First, we have to get the data. Open Telegram, go to 'Setting' -> 'Advanced' -> 'Export Telegram Data' and unselect everything except 'Personal chats' and 'Private groups' (don't select 'Only my messages there'). As output format choose 'Machine-readable JSON'. It will result in result.json.

Use prepare_dataset.py to transform result.json to JSON with a list of sessions:

python prepare_dataset.py "./data/result.json" "./data/messages.json"

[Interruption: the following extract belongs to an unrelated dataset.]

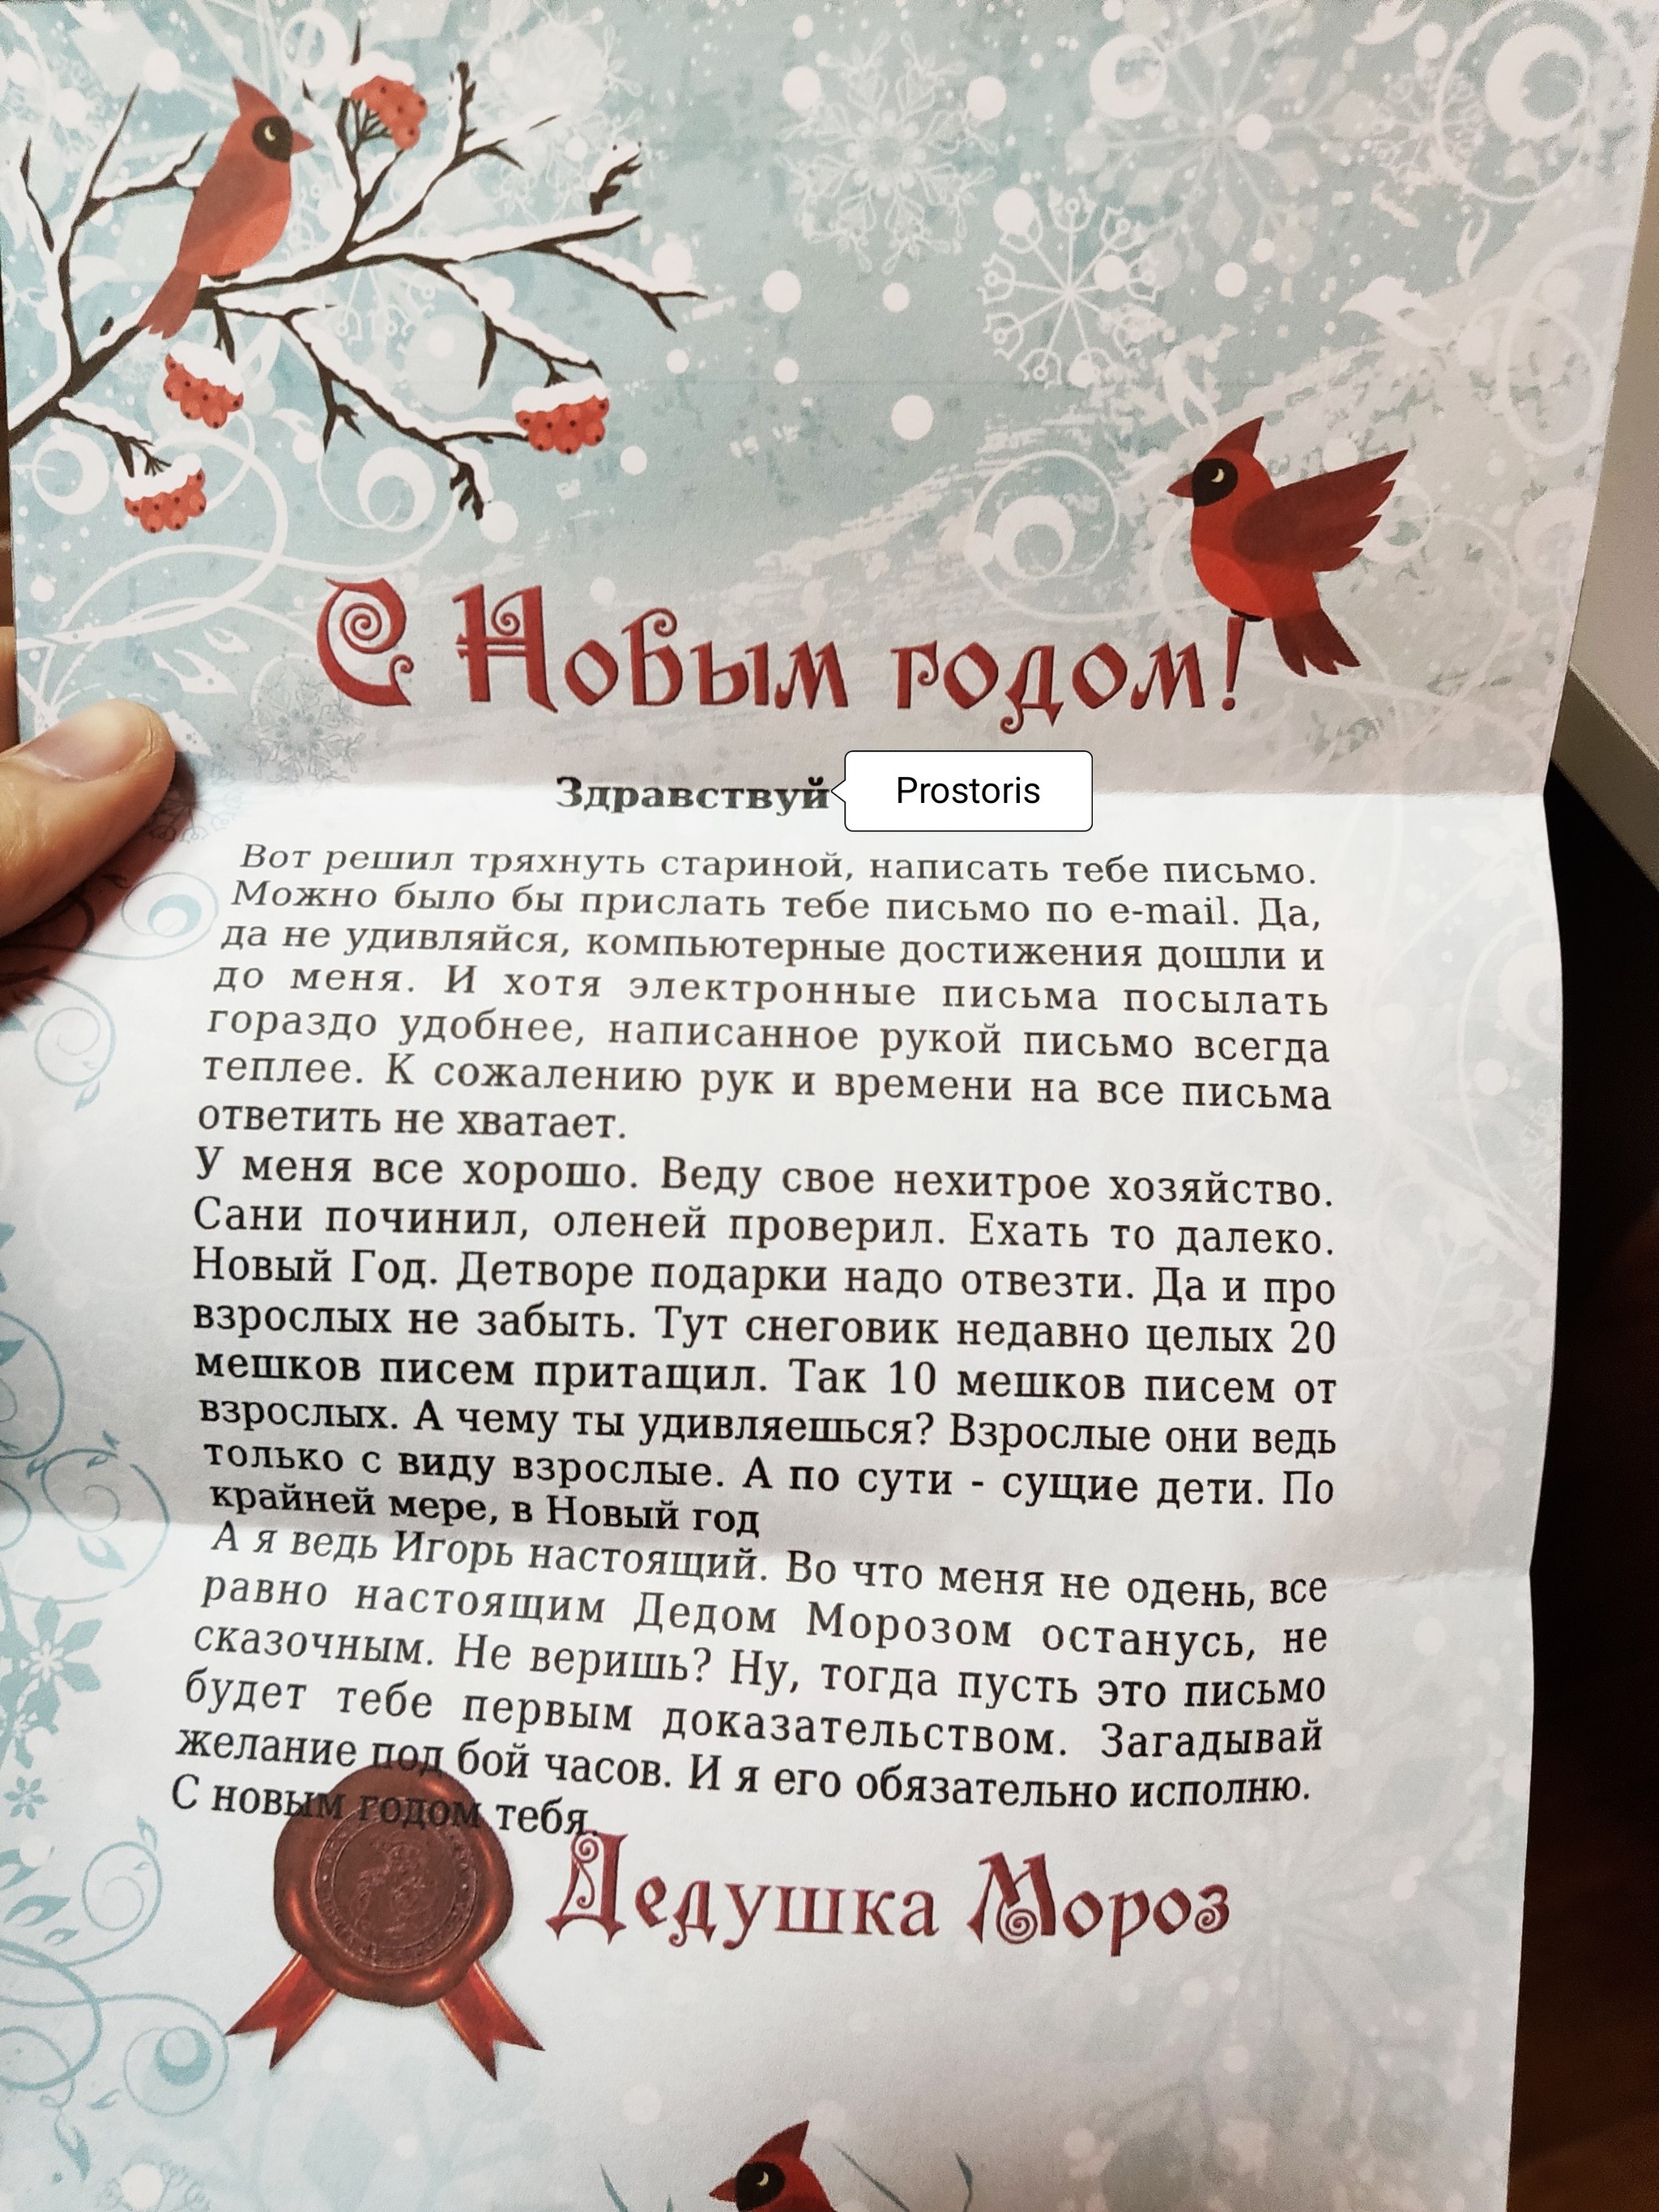 ADM 19/20 Kirov Moscow - My, Gift exchange report, New Year's gift exchange, Thank you, Longpost, Secret Santa, Gift exchange

There are some flags available for this script, you can read more in --help:

python prepare_dataset.py --help
output
NAME
    prepare_dataset.py - Transforms chat histories from .json telegram export to .json with a list of sessions. Session is a list of messages, where each message is a dict with fields 'author' and 'text'.

SYNOPSIS
    prepare_dataset.py INPUT OUTPUT <flags>

DESCRIPTION
    Transforms chat histories from .json telegram export to .json with a list of sessions. Session is a list of messages, where each message is a dict with fields 'author' and 'text'.

POSITIONAL ARGUMENTS
    INPUT
        Type: str
        Path to .json telegram export, usually called result.json
    OUTPUT
        Type: str
        Path to output .json file

FLAGS
    -t, --target_name=TARGET_NAME
        Type: Optional[str | None]
        Default: None
        The name of the person to target. This person will be present in every session. If empty, will be tried to be detected from "Saved Messages"
    -l, --last_x_months=LAST_X_MONTHS
        Type: int
        Default: 24
        Number of last months to use messages from
    -s, --session_minutes_threshold=SESSION_MINUTES_THRESHOLD
        Type: int
        Default: 10
        Threshold in minutes where messages will belong to the same session
    -c, --concat_one_user_messages_delimeter=CONCAT_ONE_USER_MESSAGES_DELIMETER
        Type: str
        Default: '\n>>> '
        Users might type several messages one after each other. They are concatenated using this delimeter

NOTES
    You can also use flags syntax for POSITIONAL ARGUMENTS

If you are interested, Telegram have several types of messages which should be handled differently:

default text message
{
 "id": 123,
 "type": "message",
 "date": "2023-10-31T15:23:38",
 "date_unixtime": "1698746018",
 "from": "Username",
 "from_id": "user123",
 "text": "ты где?",
 "text_entities": [
  {
   "type": "plain",
   "text": "ты где?"
  }
 ]
}
multiple text entities
{
 "id": 345,
 "type": "message",
 "date": "2023-10-25T01:56:50",
 "date_unixtime": "1698179210",
 "from": "Username",
 "from_id": "user456",
 "text": [
  "California suspends GM Cruise's autonomous vehicle deployment | Hacker News\n",
  {
   "type": "link",
   "text": "https://news.ycombinator.com/item?id=38002752"
  }
 ],
 "text_entities": [
  {
   "type": "plain",
   "text": "California suspends GM Cruise's autonomous vehicle deployment | Hacker News\n"
  },
  {
   "type": "link",
   "text": "https://news.ycombinator.com/item?id=38002752"
  }
 ]
}
sticker
{
 "id": 789,
 "type": "message",
 "date": "2023-10-30T23:24:20",
 "date_unixtime": "1698688460",
 "from": "Username",
 "from_id": "user789",
 "file": "(File not included. Change data exporting settings to download.)",
 "thumbnail": "(File not included. Change data exporting settings to download.)",
 "media_type": "sticker",
 "sticker_emoji": "🤗",
 "width": 512,
 "height": 501,
 "text": "",
 "text_entities": []
}

Training

Final version of models were trained with the parameters which are default in training scripts. Training logs can be accessed on WandB.

LoRA fine-tune

To launch LoRA fine-tune with my default params, you will need GPU with 20GB VRAM. RTX 3090 is a good option for it's money. You may reduce micro_batch_size or max_seq_length if you want to lower the amount of VRAM required. To get full list of parameters, run:

python finetune_lora.py --help

To train LoRA, run:

python finetune_lora.py

Full fine-tune

To list available params with their default values, run:

python finetune_full.py --help

To train:

torchrun --nnodes=1 --nproc_per_node=NUMBER_OF_GPUS finetune_full.py

Launching

Use oobabooga/text-generation-webui. If you used LoRA, then clone ehartford/dolphin-2.2.1-mistral-7b or whatever model you are used as a base model and put trained LoRA connectors to ./loras/ folder within text-generation-webui. If you did full fine-tune, then copy training result to ./models/.